Carrying the belief that, “Nope, It doesn’t happen to me,” attitude, they just sat there staring at it in surprise and asked each other, “What do we do with it now?” Having found an original painting over one hundred and fifty years old, they knew it must have been worth something!
Dutch Artist Sailed His Way to San Francisco
Daughter Kristine disappeared to her computer and dug up bits of gold. It wasn’t much that she could find on the artist, P. Toft, but what she did learn about Toft, made the painting even more fascinating.
He was born in Kolding, Denmark in 1825, and during his youth in Copenhagen, he studied illustration and painting. P. Toft became known as an itinerant artist known for landscapes, genre depictions, topographical and architectural watercolors. At the age of 25, he sailed aboard the ship, “Ohio” and arrived in San Francisco in 1850.
The year Toft landed in the U.S. in 1850, New York city launched the first print magazine. Toft was one of the first illustrators for the magazine covering literature, politics, culture, and the arts. Inspired by the public demand for illustrations of the American Civil War, Harper’s was the first American publication to include illustrations.

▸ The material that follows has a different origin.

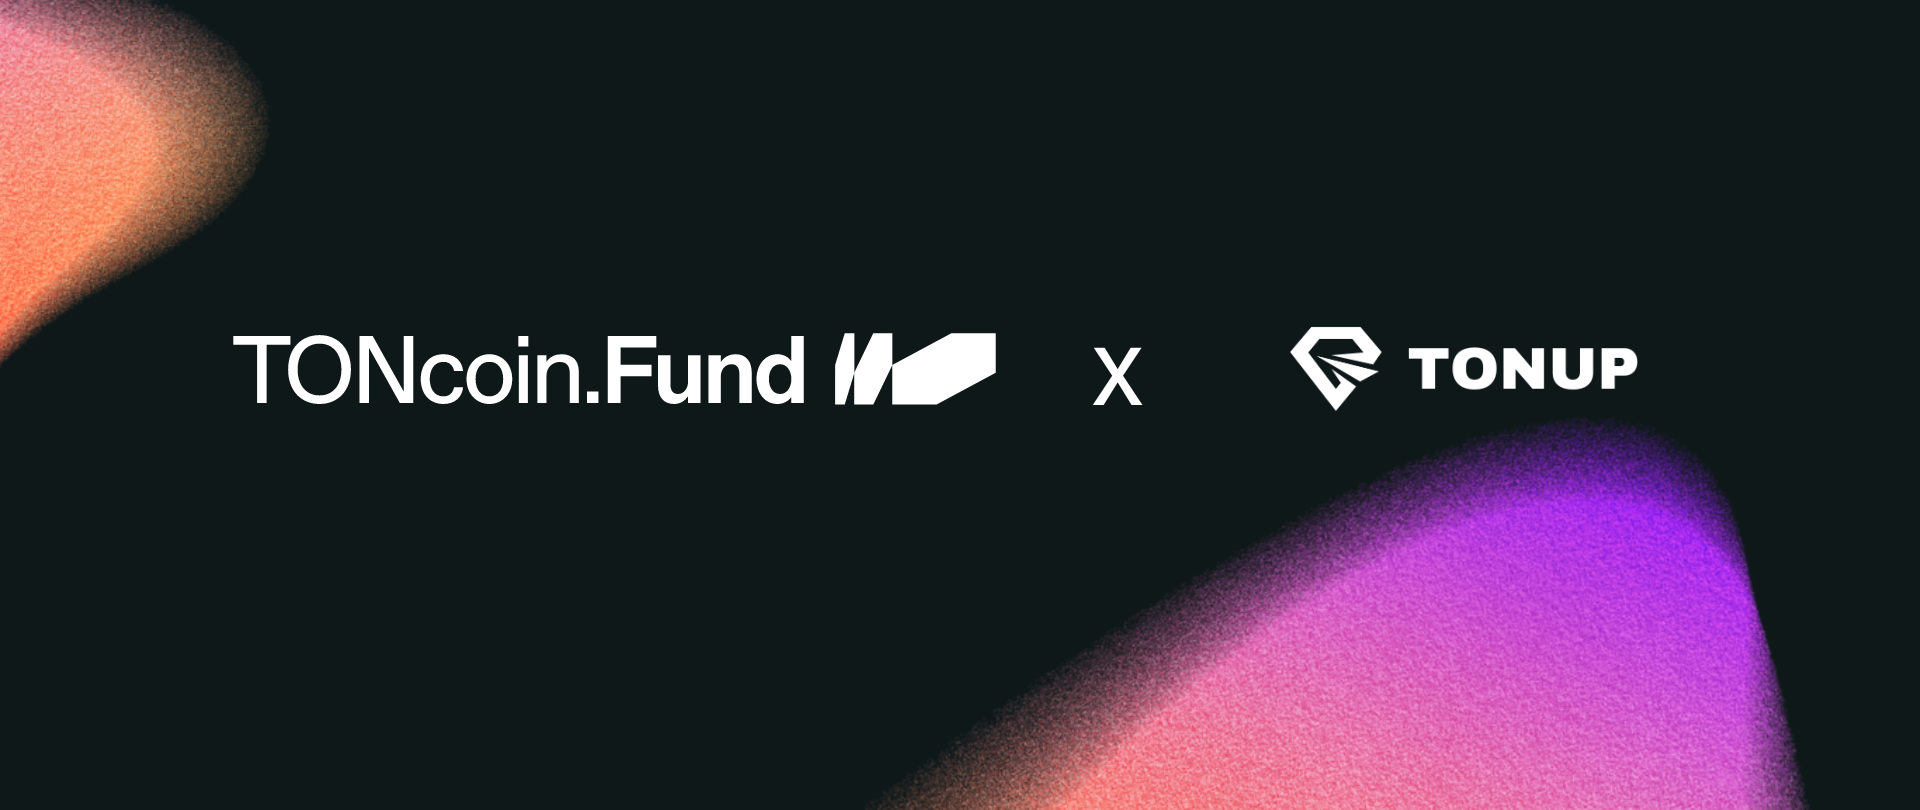 TONcoinFund-X-TonUP.png

While based in San Francisco, he traveled north to Portland, Oregon where he inspired Thaddeous Welch who later became even more well-known than Toft for his landscapes in oil. Toft’s travels drew him north to Washington and Montana where he befriended the governor. He then traveled into British Columbia which now was confirmed that he visited a small gold rush town of Barkerville in 1863.

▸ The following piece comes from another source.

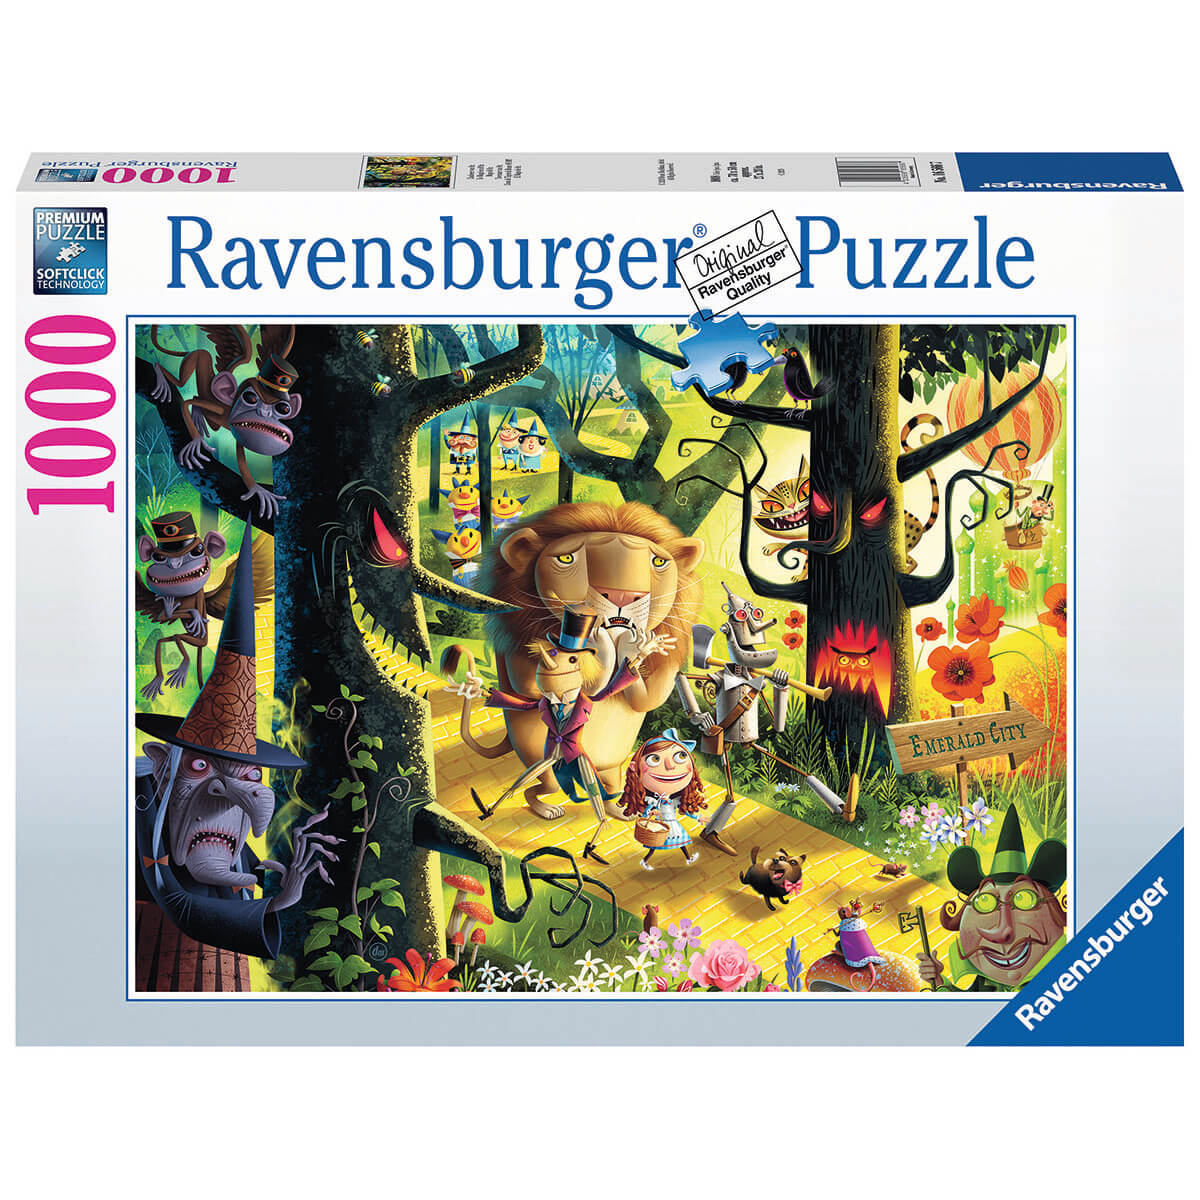 Ravensburger Lions, Tigers & Bears, Oh My! 1000 Piece Puzzle

A couple of years later in 1865 he made his way back down south to where he painted on the Palouse River in Idaho, one of the great Forks of the Columbia River.

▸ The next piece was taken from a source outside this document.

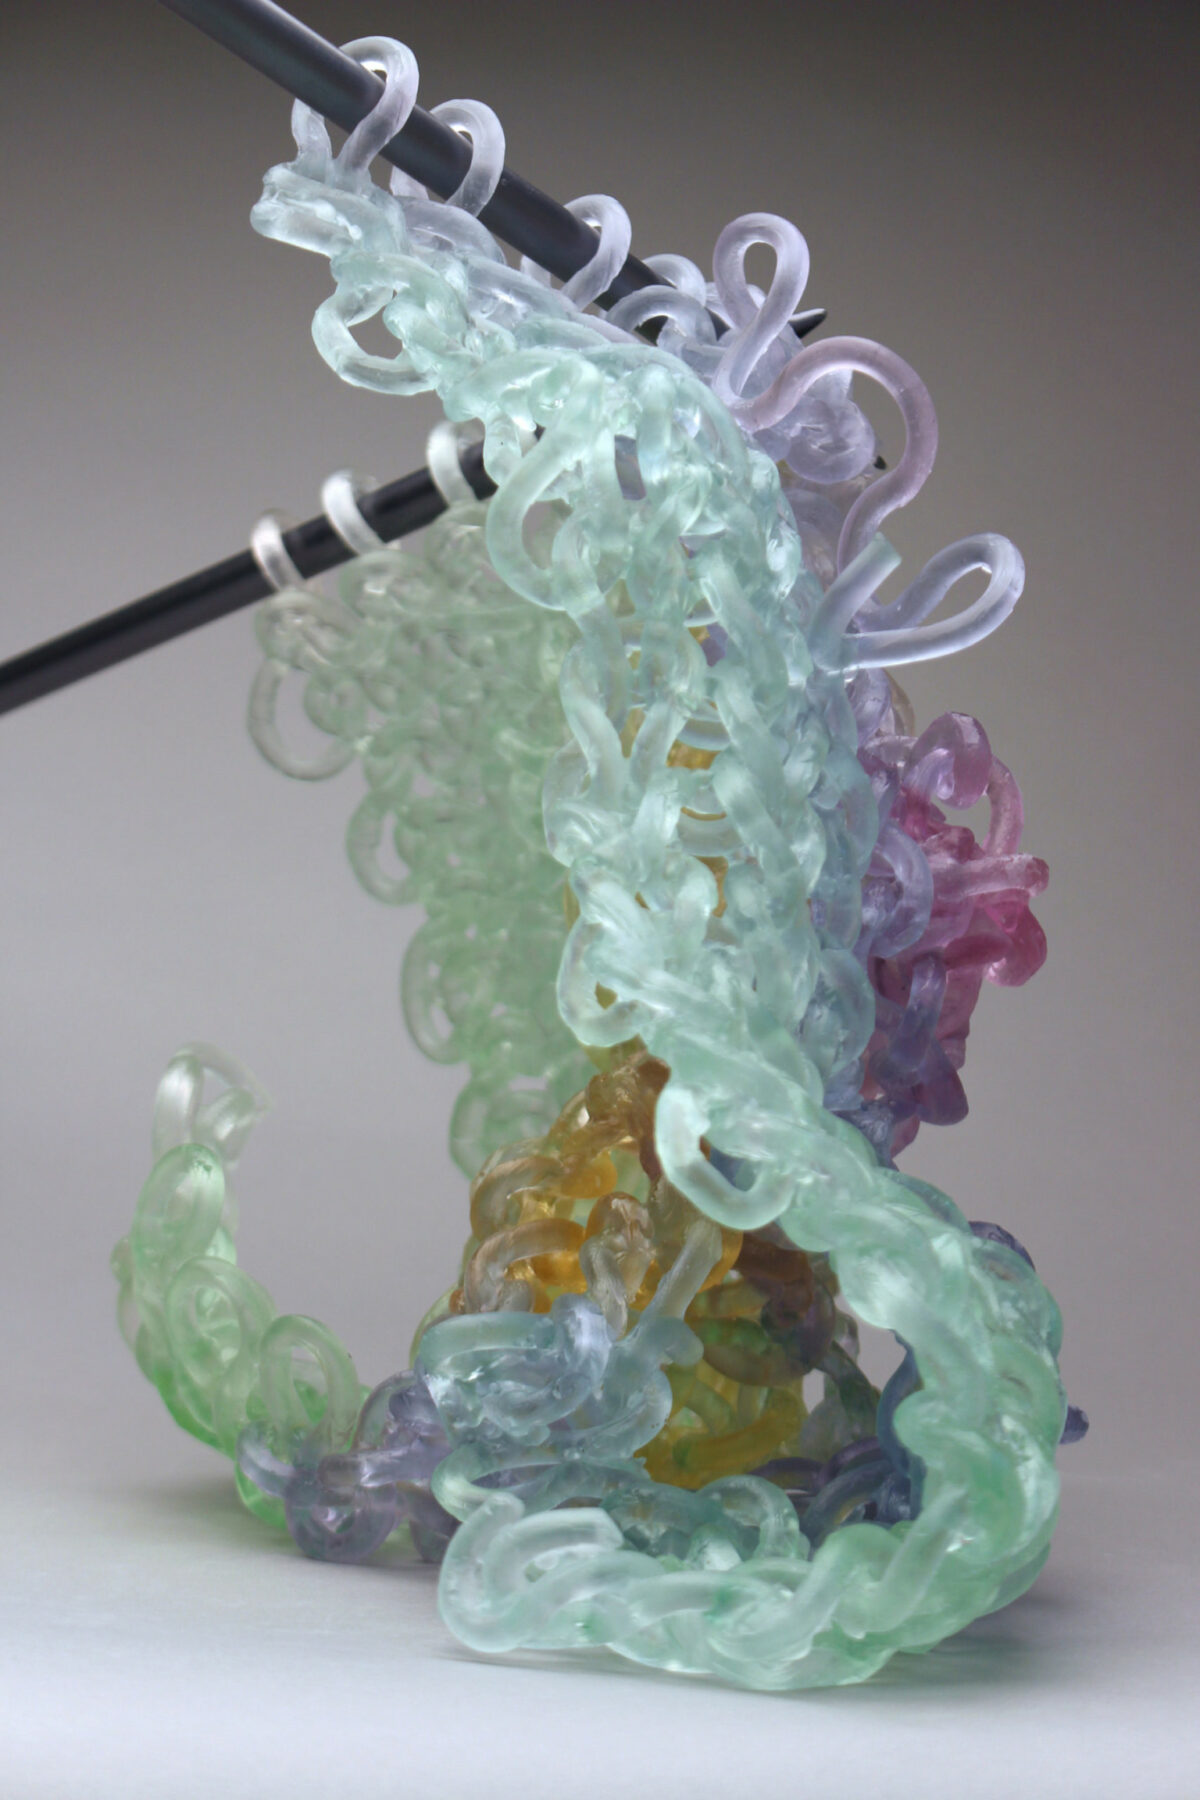 Knitted Glass, Fiber Inspired Sculptures By Carol Milne (16)

In 1868 at the age of 43, he returned to Denmark, and ended up settling in London where he exhibited at the Royal Society every year until 1885. He passed away in London, England at the age of 76 in 1901.
Curious about the town that Toft painted, Kristine found a website specifically on Barkerville (www.barkerville.com). She learned that the town of Barkerville thrives off of tourists being a town much like Columbia in California and Virginia City in Nevada. Exuberantly, she contacted the town via the website letting them know she had found a little masterpiece of their gold rush town. Days later, William Quackenbush, Historian and Curator of the Barkerville museum, emailed back with intrigue in addition to sharing in depth, the rich history of Barkerville.
Barker Struck it Rich & Made a Town
The town of Barkerville is 4,200 feet in the Cariboo Mountains and has been operating as a historic site since 1958 by the Province of British Columbia, Canada. Barkerville was the supply town for the goldfields of the Cariboo and was initially set up in 1862 in association with a large find by Billy Barker. The purity of Cariboo gold brought in a premium for the town and the dust on Williams Creek generally brought in $16.50 per ounce. This is quite high when speaking of the relative value of placer gold compare to elsewhere. There is still active hard rock and placer mining in the area, but tourism associated with Barkerville has become the main stay of the local economy. Between May and September after the snow has melted, Barkerville welcomes 100,000 visitors a year. William Quackenbush says quote, “Because the site is primarily owned and operated by the Government, the commercialism that is associated with so many other sites has been kept to a minimum. Barkerville is quite likely the largest site of its type in North America, and also one of the best kept secrets.”